Dong J, Guan HZ, Jiang ZY, Chen X - PLoS ONE (2014)

Bottom Line: Additional micro-injection studies will improve the understanding of how nesfatin-1 acts on the brain and define specific nuclei responsive to nesfatin-1, which will provide insight on its effects on food intake.Chronic administration of nesfatin-1 into the DVC reduced body weight gain over a 10-day period.Nesfatin-1 inhibited 88.9% (16/18) of gastric distension inhibitory (GD-INH) neurons and excited 76.2% (32/42) of gastric distension excitatory (GD-EXC) neurons.

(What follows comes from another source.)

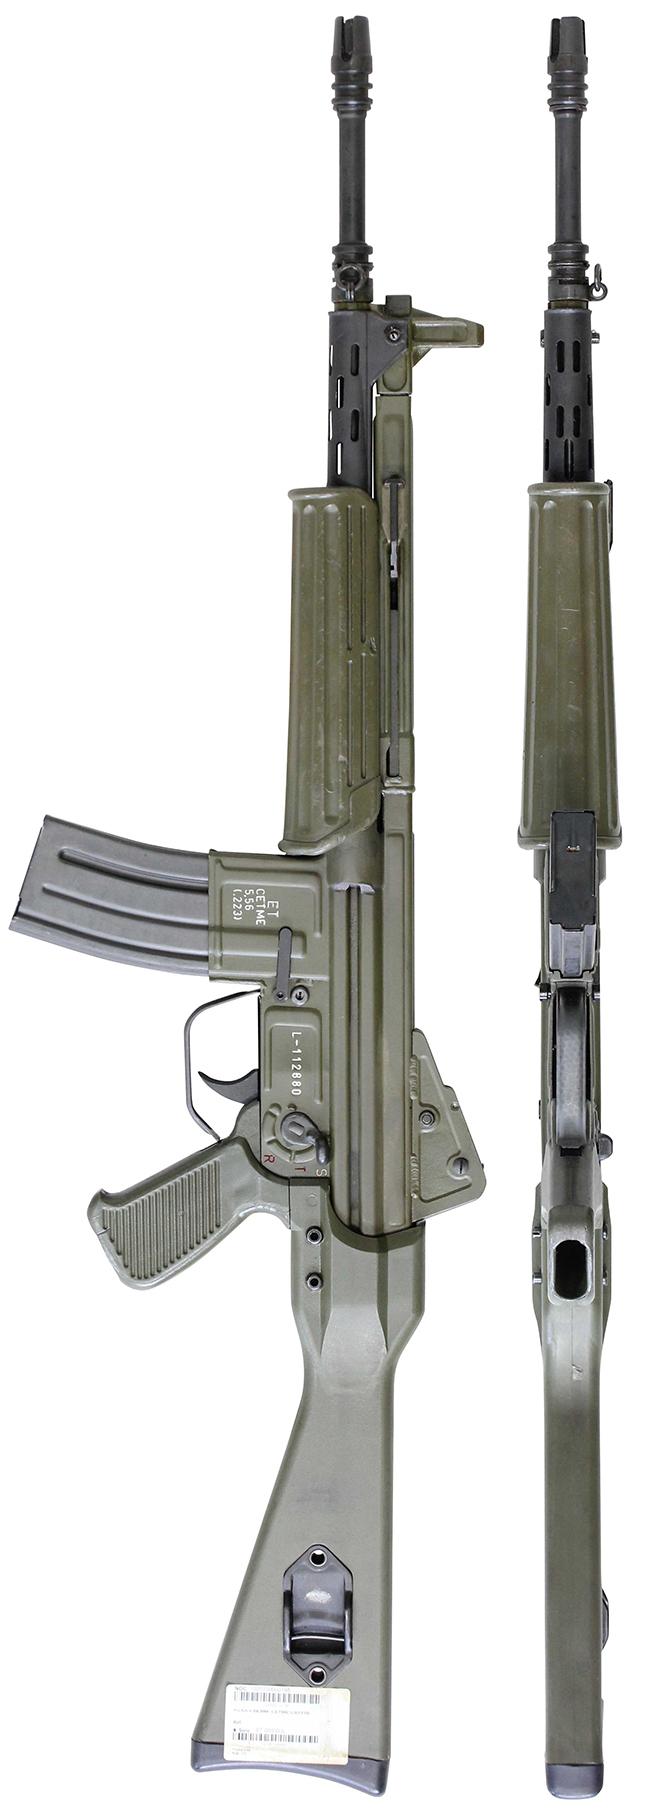 【HP無】セトメ-モデロL-自動小銃-(#L-112880)下.jpg

View Article: PubMed Central - PubMed

Affiliation: Department of Special Medicine, Medical College of Qingdao University, Qingdao, China; Department of Physiology, Medical College of Qingdao University, Qingdao, China.

ABSTRACT
Nesfatin-1 is a recently discovered metabolic peptide hormone that decreases food intake after lateral, third, or fourth brain ventricle; cisterna magna; or paraventricular nucleus (PVN) injection in ad libitum fed rats. Additional micro-injection studies will improve the understanding of how nesfatin-1 acts on the brain and define specific nuclei responsive to nesfatin-1, which will provide insight on its effects on food intake. We evaluated how nesfatin-1 injection into the dorsal vagal complex (DVC) modulates food intake response in rats during the dark phase. Consistent with previous observations, nesfatin-1-injected rats significantly reduced cumulative food intake over a 5-h period in rats. Chronic administration of nesfatin-1 into the DVC reduced body weight gain over a 10-day period. Because glucosensing neurons in the DVC are involved in glucoprivic feeding and homeostatic control of blood glucose, we examined the effect of nesfatin-1 on the excitability of DVC glucosensing neurons. Nesfatin-1 inhibited most of the glucose-inhibitory (GI) neurons and excited most of the glucose-excitatory (GE) neurons in the DVC. Current-clamp electrophysiology recordings from DVC glucosensing neurons in slice preparation showed that bath applied nesfatin-1(10 nM) increased the firing frequency of GE neurons and inhibited the firing rate of GI-neurons. Nesfatin-1 inhibited 88.9% (16/18) of gastric distension inhibitory (GD-INH) neurons and excited 76.2% (32/42) of gastric distension excitatory (GD-EXC) neurons. Thus, nesfatin-1 may control food intake by modulating the excitability of glucosensing neurons in the DVC.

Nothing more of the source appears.